Russia has always been known as a ballet powerhouse, producing some of the world's best-known dancers. At home, they are national heroes, and abroad - fascinating wonders from another world.
Galina Ulanova, who danced with the Bolshoi Theater from 1944 until 1960, was the Soviet ballet superstar of her era. She won every award in her field and even the approval of Joseph Stalin, who had her move to Moscow from her native Leningrad. In Moscow she eventually received an apartment in the famous House on Kotelnicheskaya Naberezhnaya, one of what English speakers call the "Seven Sisters."
Her apartment there is now a museum, and the ballet lovers of The Moscow Times Clubs, naturally, had to visit. After walking through the grand front entrance of the Stalinist architectural masterpiece, you might expect her apartment to be a cold, cavernous, multi-storied affair. In fact, it is nearly the opposite: a humble, cozy apartment filled with porcelain and old photographs.
Even though Ulanova passed away twenty years ago,when you walk in, you feel like you're entering someone's home, and not a museum. Everything has been kept exactly as it was when she died. Her TV still works and the calendar in the kitchen is still turned to March 1998. The closet to the left of the entrance has her coat hanging in it.
Waiting for us on a side table were champagne, grapes, and "Bird's Milk" cake, which we grabbed before our tour of the apartment. For our first stop, the museum's Director, Oksana Karnovich, took us to Ulanova's living room. Here we stood by the windows which have an unobstructed view of the Moscow River and the Kremlin, and listened to stories from the golden age of Ulanova's career. While she toured extensively with the Bolshoi abroad, the high point was perhaps in 1956 when she performed at Covent Garden in London. The English could not seem to get enough of her. The spectators even forgot that the queen was present, and were only interested in paying homage to the great Russian dancer. One adoring fan even sent a puppy to Moscow after Ulanova admired the dog's parent. A photograph of the dog hangs in the living room.
Ulanova was born in 1910 in St. Petersburg. Her father was a theater director and her mother was a dancer. At her parents' insistence, she started learning ballet at a young age and received the best dance training that was available in the Soviet Union.
After her graduation, where she danced the "Chopiniana," her career took off. She became known for the way she could convey emotion through dance, her perfectionism, and how she could move an audience. Ulanova is also known for her collaboration with Sergei Prokofiev. While at first she was averse to contemporary material, she eventually embraced Prokofiev's music, and she danced the role of Juliet in the first production of "Romeo and Juliet" in 1940, as well as Cinderella in 1945.

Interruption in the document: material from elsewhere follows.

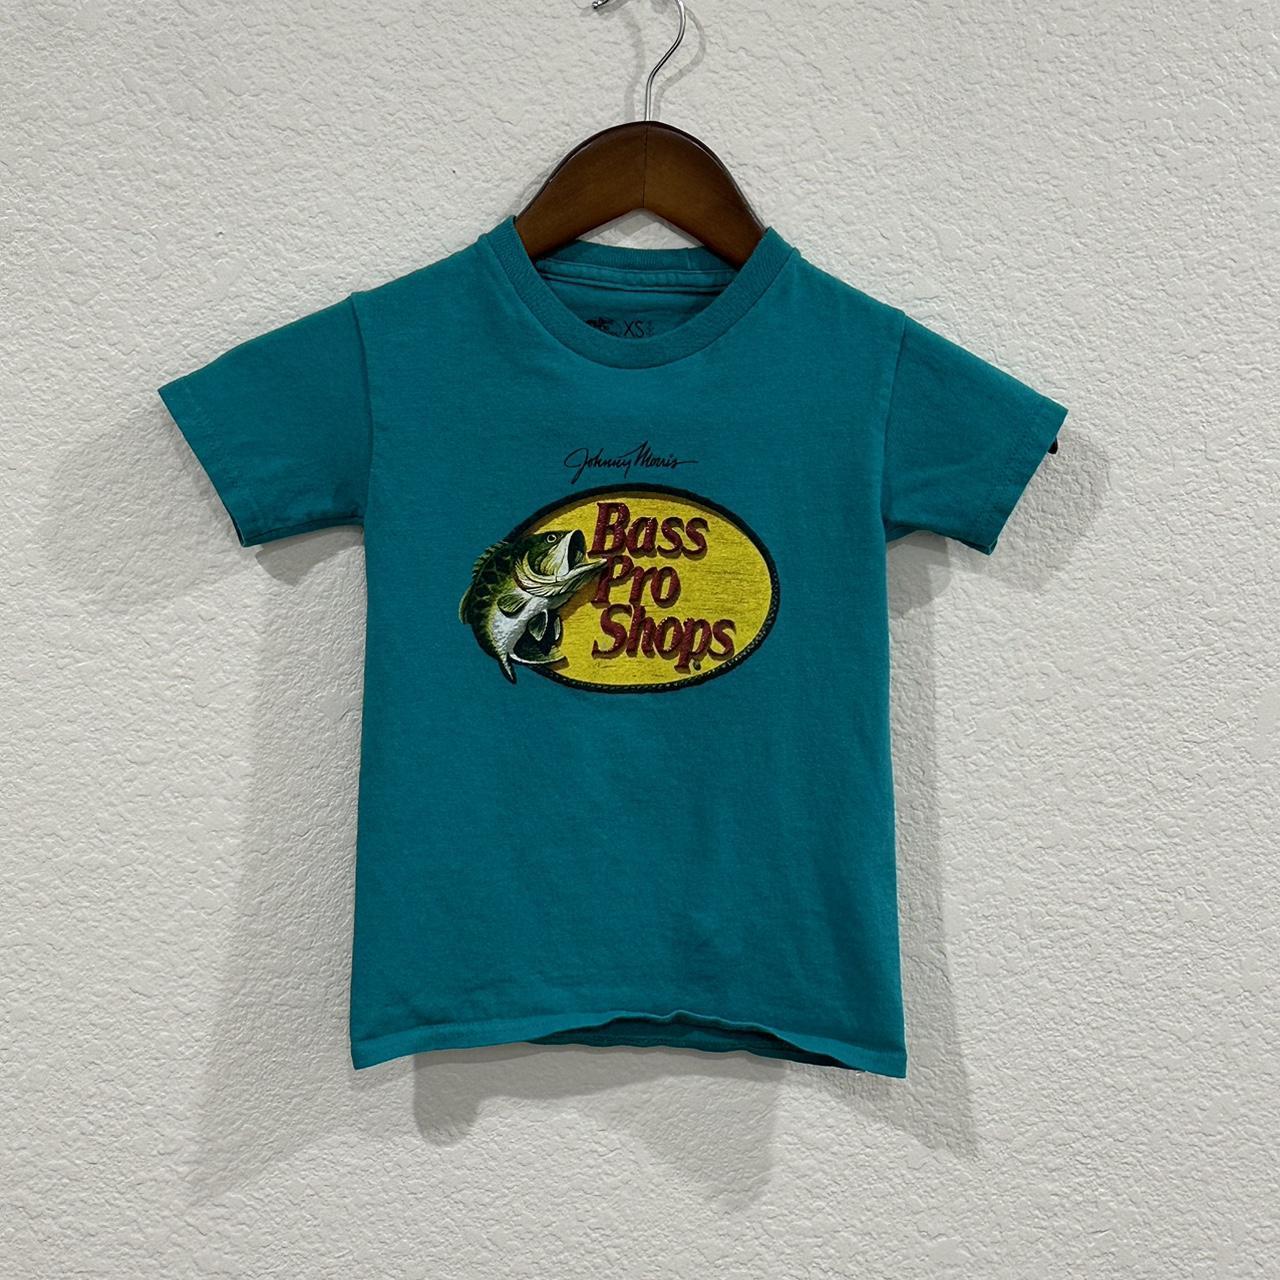 Bass Pro Shops Kids' T-Shirt - Multi

From the living room, we moved to her bedroom, which contained a diminutively sized bed in one corner with her slippers placed neatly next to it. Ulanova, our guide stressed, was an extremely private person, and quite shy. She rarely gave interviews and kept a small circle of friends. Her personal life belonged to her alone. But being in this room, long after her death, gives an intimacy with the artist that few had access to during her lifetime.
At this point, one of us asked if she had ever been married. Despite her small bed, she in fact had several husbands, though all her marriages except one were common-law rather than registered. Toward the end of her life she shared her apartment with Tatyana Agafononovna, a journalist from Komsomolskaya Pravda, whose mother had been Ulanova's neighbor. This arrangement would have been impossible if Ulanova had not adopted Agofonovna as her daughter. After the latter passed away in 1994, Ulanova had a heart attack and was admitted to the Kremlin hospital, where she continued to do ballet exercises daily.
From the bedroom, we moved to Agafonovna's room, which was empty at the time of Ulanova's death, but now filled with an exhibition of photographs and letters. From there, we walked past the bathroom which contained Ulanova's original perfumes and a washing machine that she never quite mastered, despite detailed instructions from Agafonovna. The last stop was the kitchen, which looked like she could have had breakfast there that morning.
Before we parted ways, Katya Provornaya, one of the guides from the Bakhrushin theater museum (to which Ulanova's apartment belongs), held a trivia competition. Winners received small souvenir ballet shoes to hang from a Christmas tree or a rear-view mirror. We said a final toast to Ulanova, and headed home, most likely to watch grainy YouTube clips of the great dancer on stage.